A SHORT while ago I read an article about the last hangings in Britain.

At 8am sharp on August 13, 1964, Peter Allen and Gwynne Evans were hanged simultaneously in separate jails – Allen in Liverpool’s Walton prison and Evans in Manchester’s Strangeways.

The two men had battered to death a friend of Evans who had refused to give them cash – to pay overdue rent and a £10 fine owed by each for a previous crime. Justice was swift. Conviction, a fruitless appeal and execution came within just over four months of the murder.

Still alive today, the widow of one of the hangmen was asked if her husband’s job had ever weighed heavily upon him. “No, no, no,” she assured her interviewer. “He believed in it – that if they’d murdered somebody that was it. I agreed with him. I still do.”

Now I read that a Bangladeshi, convicted in his own country of a double murder, for which he was sentenced to life but released after seven years, is to be allowed into this country, to join his wife and three children.

That’s thanks to the European Convention on Human Rights, which protects an individual’s “right to private and family life”.

I abhor the death penalty.
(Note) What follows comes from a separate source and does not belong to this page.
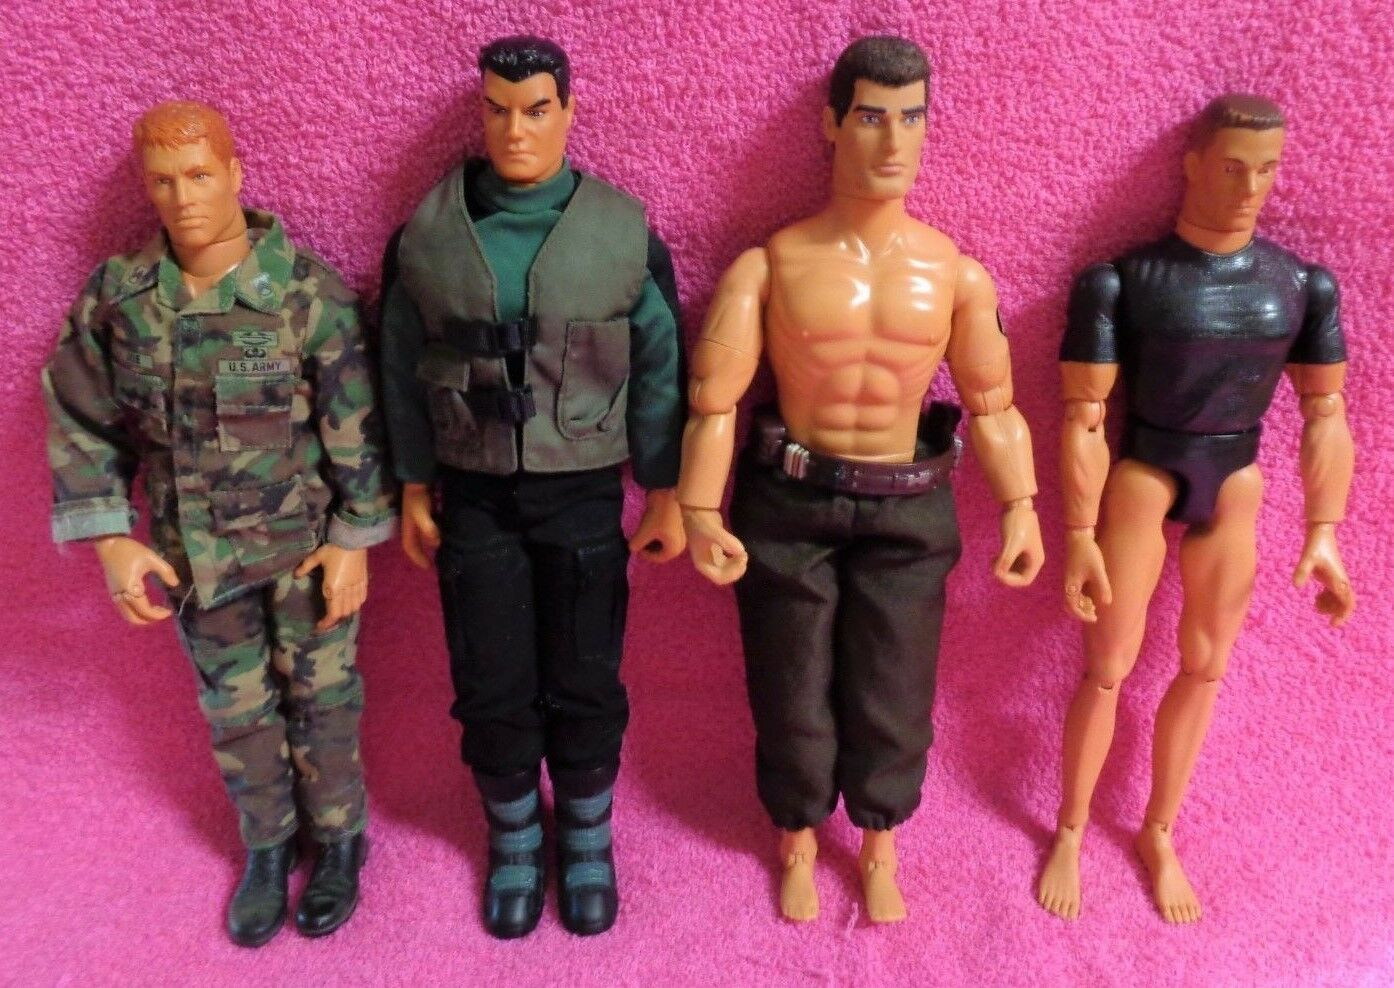 Hasbro GI Joe Lanard Toys Army Soldier 12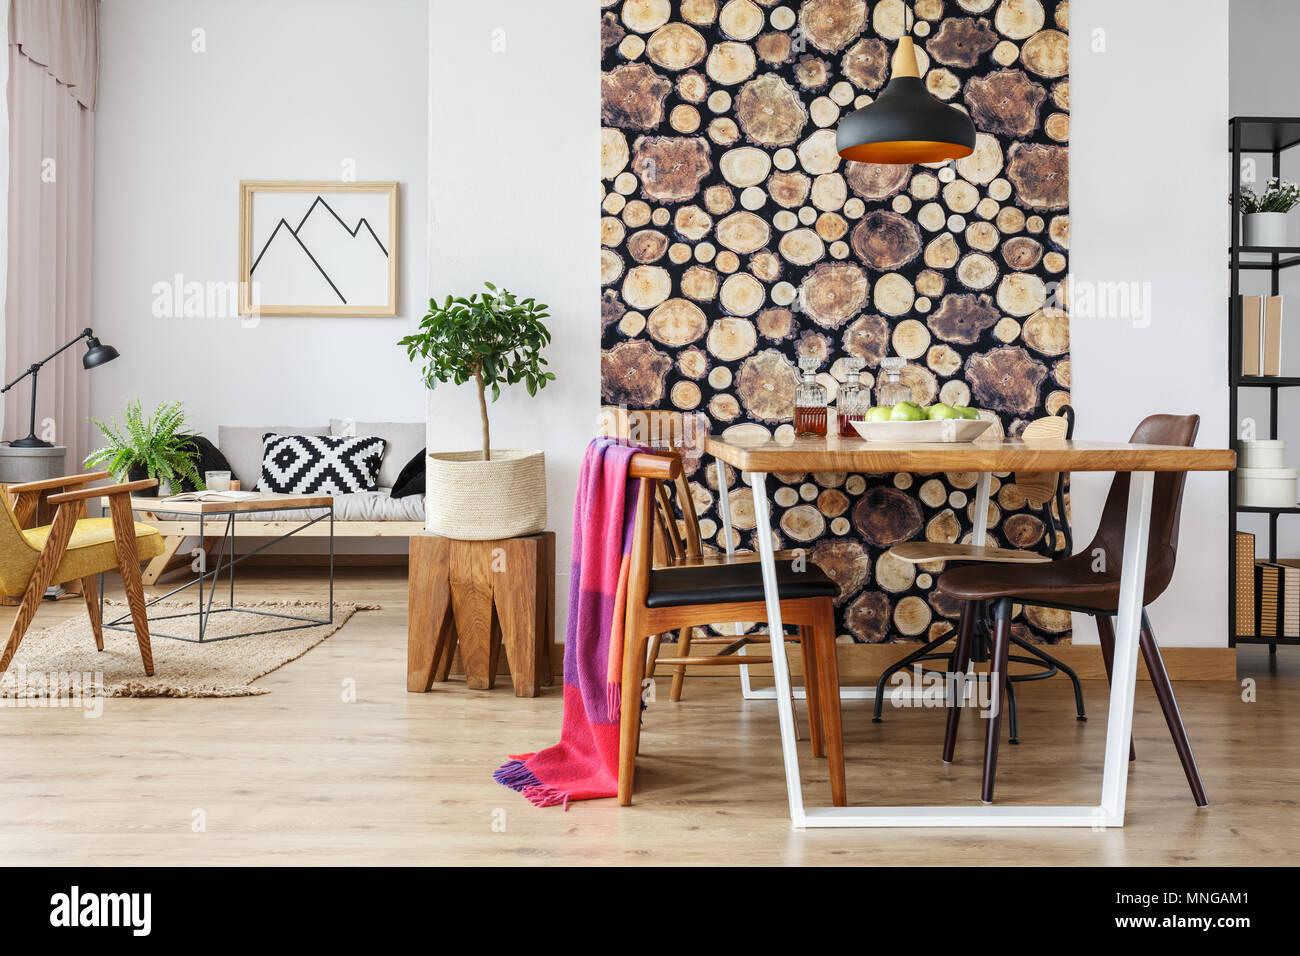 Scandinavian open floor plan apartment with winter interior design and natural wooden decor - Stock Image

But it’s impossible not to wonder if its abolition here, finally achieved in 1969, would have enjoyed any support had it been foreseen that, four decades or so down the line, today’s successor to the Home Secretary who refused the appeal of the last two murderers hanged in Britain would be issuing a visa enabling a double murderer to settle here.

“AN affront to democracy.” You really can’t improve on the Electoral Reform Society’s description of the appointment of a further 22 life peers to the House of Lords. The ranks of these unelected individuals now total 850 – 200 more than the number of MPs.

The new intake includes Bosnianborn Arminka Helic, head of recentlyresigned Foreign Secretary William Hague’s office, who came to Britain in the 1990s. No doubt Ms Helic possesses all the right qualities to be given a say in Parliament, but I’m sure that among Mr Hague’s constituents there are many wise folk bred and raised in, let’s say, Swaledale or Wensleydale, who could out-match her.

AN addendum to my recent column on the Esk Valley Railway. BR’s worst blow, cementing the damage done by the useless timetable, was to remove all but a small section of double track. This now makes it difficult to improve services. The folly was greatest at Whitby, where work has had to be done – money spent – to accommodate trains of the North Yorkshire Moors Railway. They could have visited no problem had not a track and platform been made redundant.

CREDITED with the “lights-going-outall- over-Europe” remark at the start of the First World War, Foreign Secretary Sir Edward Grey always said he couldn’t remember saying it. It’s surprising no one has tracked down when the remark was first attributed to Grey.

I suppose there was a risk poking about might undermine the perfect lead-in to “remembrance”.